ECLI:NL:HR:2025:1080

Hoge Raad

Datum uitspraak
8 juli 2025
Publicatiedatum
3 juli 2025
Zaaknummer
23/04856
Instantie
Hoge Raad
Type
Uitspraak
Rechtsgebied
Strafrecht
Procedures
  • Cassatie
Vindplaatsen
  • Rechtspraak.nl
AI samenvatting door LexboostAutomatisch gegenereerd

Ontvankelijkheid cassatieberoep inzake hasjbezit en toepassing van artikel 9a Sr

In deze zaak heeft de Hoge Raad op 8 juli 2025 uitspraak gedaan in een cassatieberoep tegen een arrest van het gerechtshof 's-Hertogenbosch van 8 december 2023. De verdachte was veroordeeld voor het hebben van 97,3 gram hasj, wat onder de Opiumwet valt.

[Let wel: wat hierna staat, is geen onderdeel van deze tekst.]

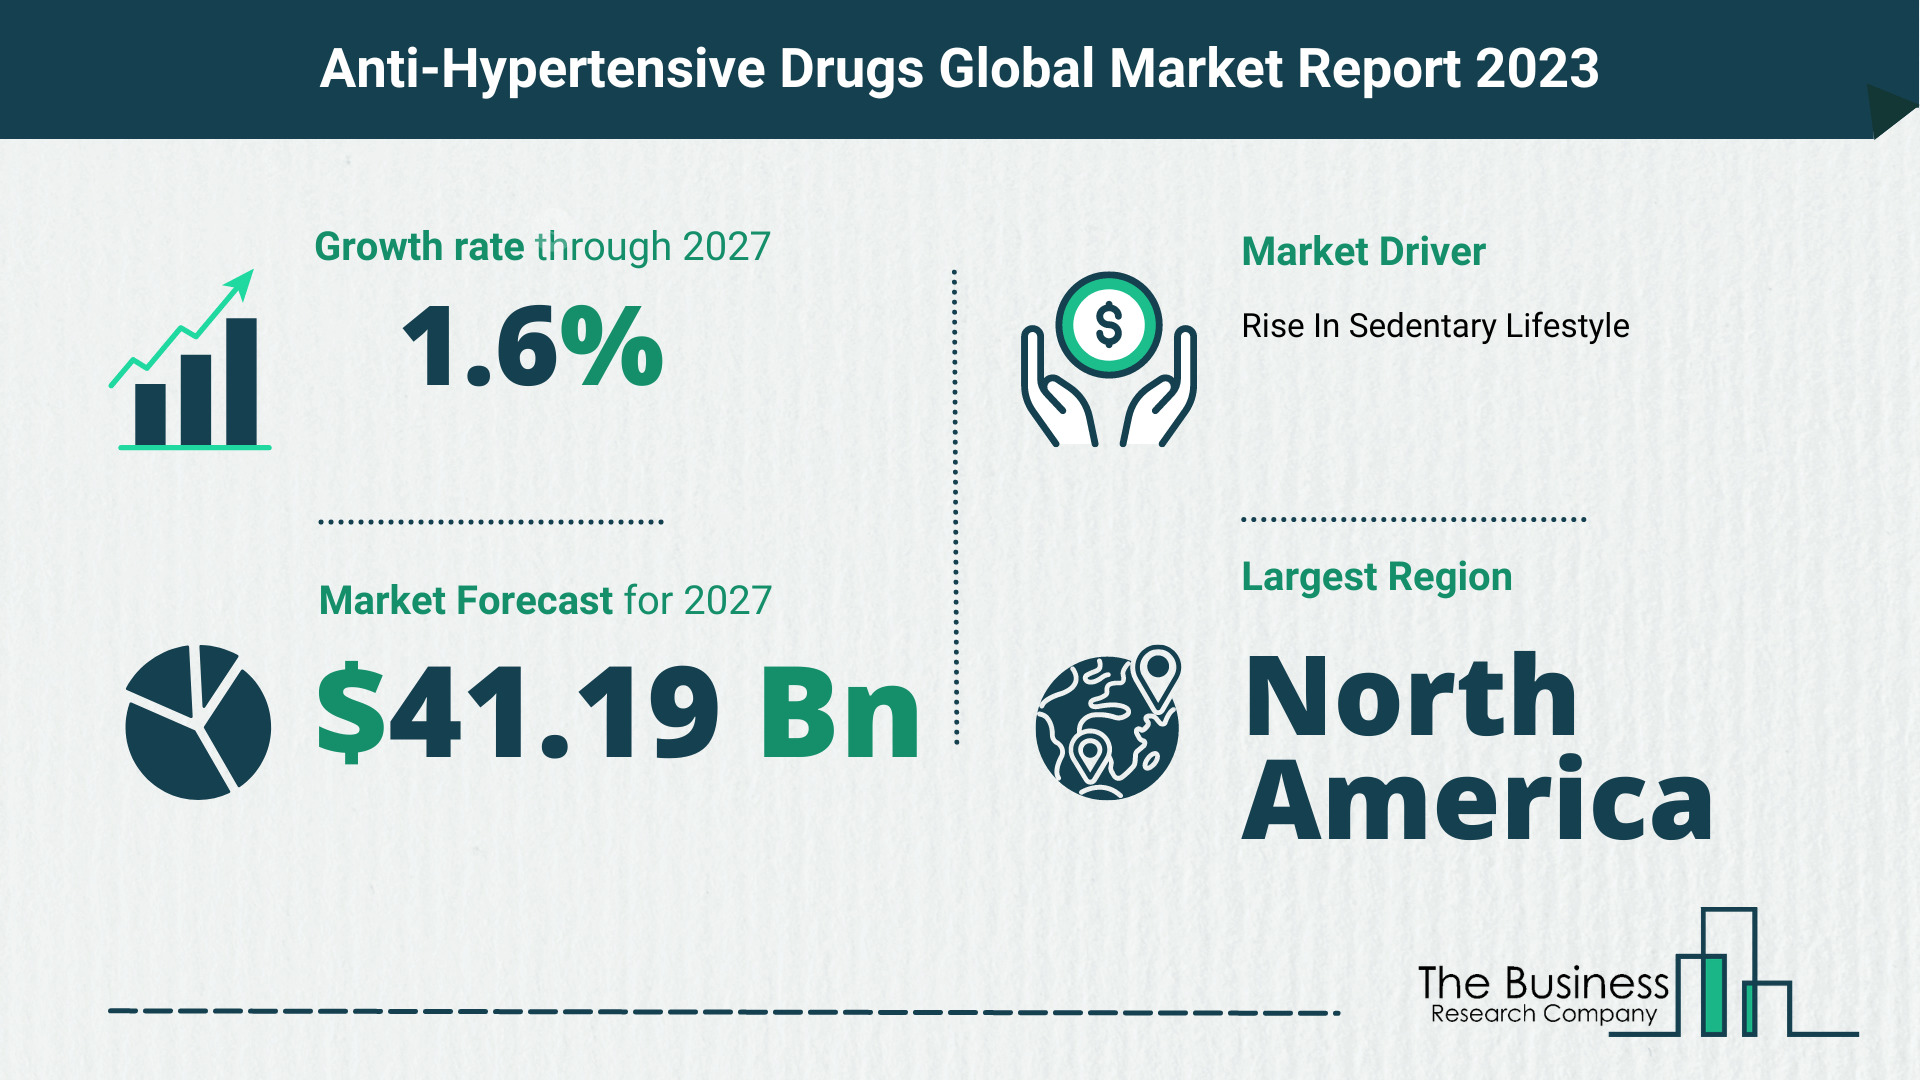 What Will The Anti-Hypertensive Drugs Market Look Like In 2023?

Het cassatieberoep was beperkt tot de veroordeling voor feit 3. De advocaat van de verdachte, M.C. van der Want, heeft een cassatiemiddel voorgesteld, maar de advocaat-generaal D.J.M.W. Paridaens heeft geconcludeerd tot niet-ontvankelijkheid van het beroep.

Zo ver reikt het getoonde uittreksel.